我们两清 提交于 2019-11-28 23:37:00
unutbu

All multiprocessing.Pool.map* methods consume iterators fully(demo code) as soon as the function is called. To feed the map function chunks of the iterator one chunk at a time, use grouper_nofill:

def grouper_nofill(n, iterable):
    '''list(grouper_nofill(3, 'ABCDEFG')) --> [['A', 'B', 'C'], ['D', 'E', 'F'], ['G']]
    '''
    it=iter(iterable)
    def take():
        while 1: yield list(itertools.islice(it,n))
    return iter(take().next,[])

chunksize=256
async_results=[]
for finput in grouper_nofill(chunksize,itertools.izip(matrices, inds)):
    async_results.extend(pool.map_async(myfunc, finput).get())
async_results=np.array(async_results)

PS. pool.map_async's chunksize parameter does something different: It breaks the iterable into chunks, then gives each chunk to a worker process which calls map(func,chunk). This can give the worker process more data to chew on if func(item) finishes too quickly, but it does not help in your situation since the iterator still gets consumed fully immediately after the map_async call is issued.

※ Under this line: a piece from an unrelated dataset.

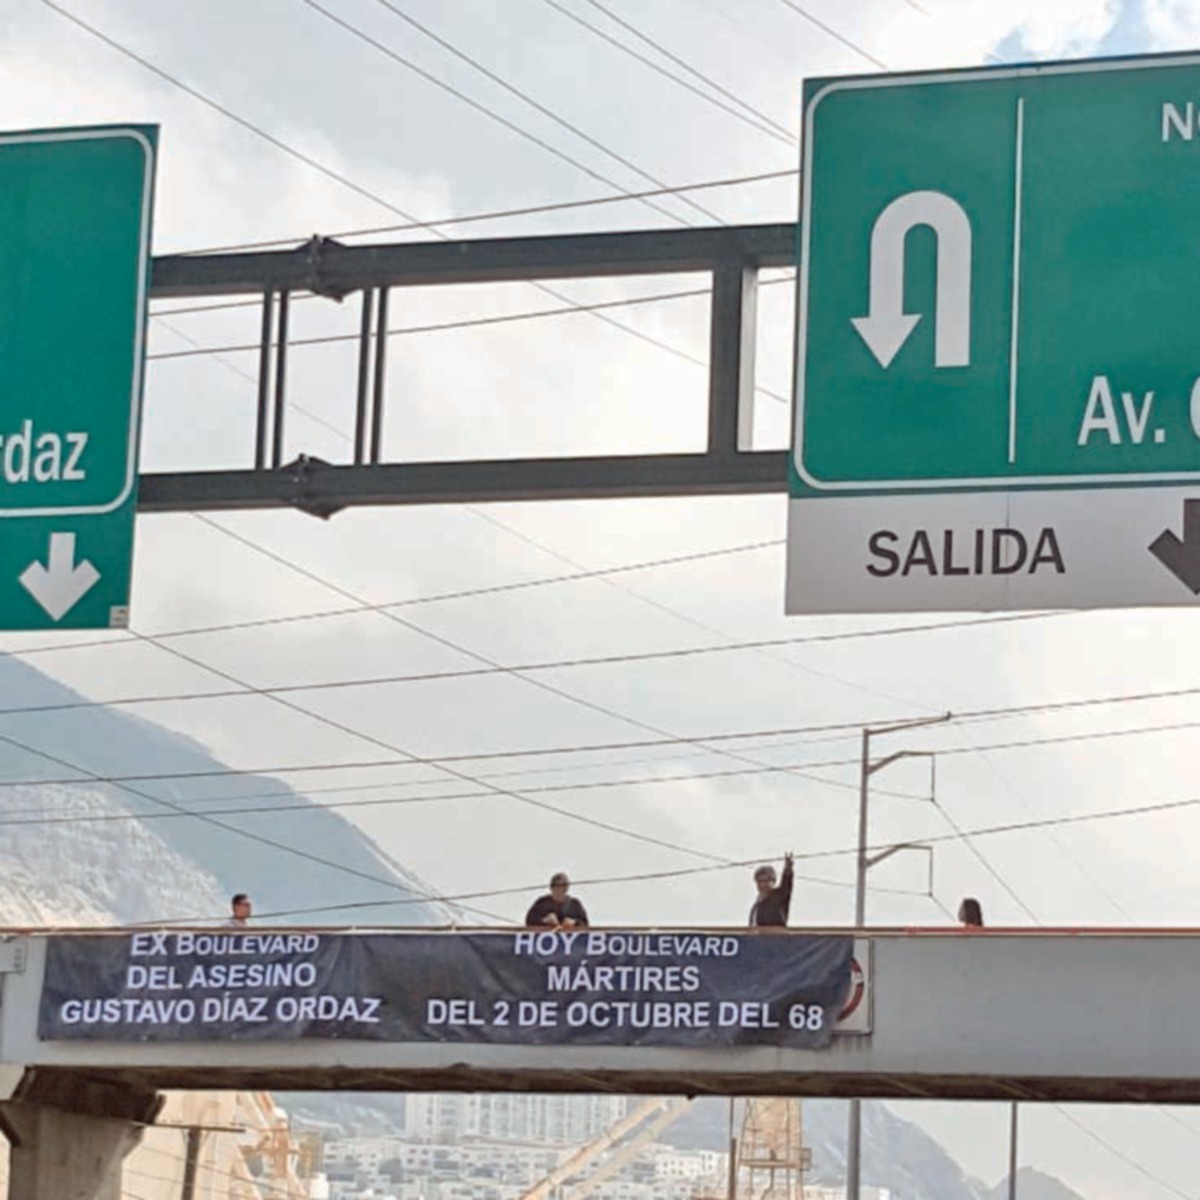 Piden en Nuevo León quitar a monumentos y vías el nombre de Díaz Ordaz

I ran into this problem as well. instead of this:

res = p.map(func, combinations(arr, select_n))

do

res = p.imap(func, combinations(arr, select_n))

imap doesn't consume it!

Pool.map_async() needs to know the length of the iterable to dispatch the work to multiple workers. Since izip has no __len__, it converts the iterable into a list first, causing the huge memory usage you are experiencing.

You could try to sidestep this by creating your own izip-style iterator with __len__.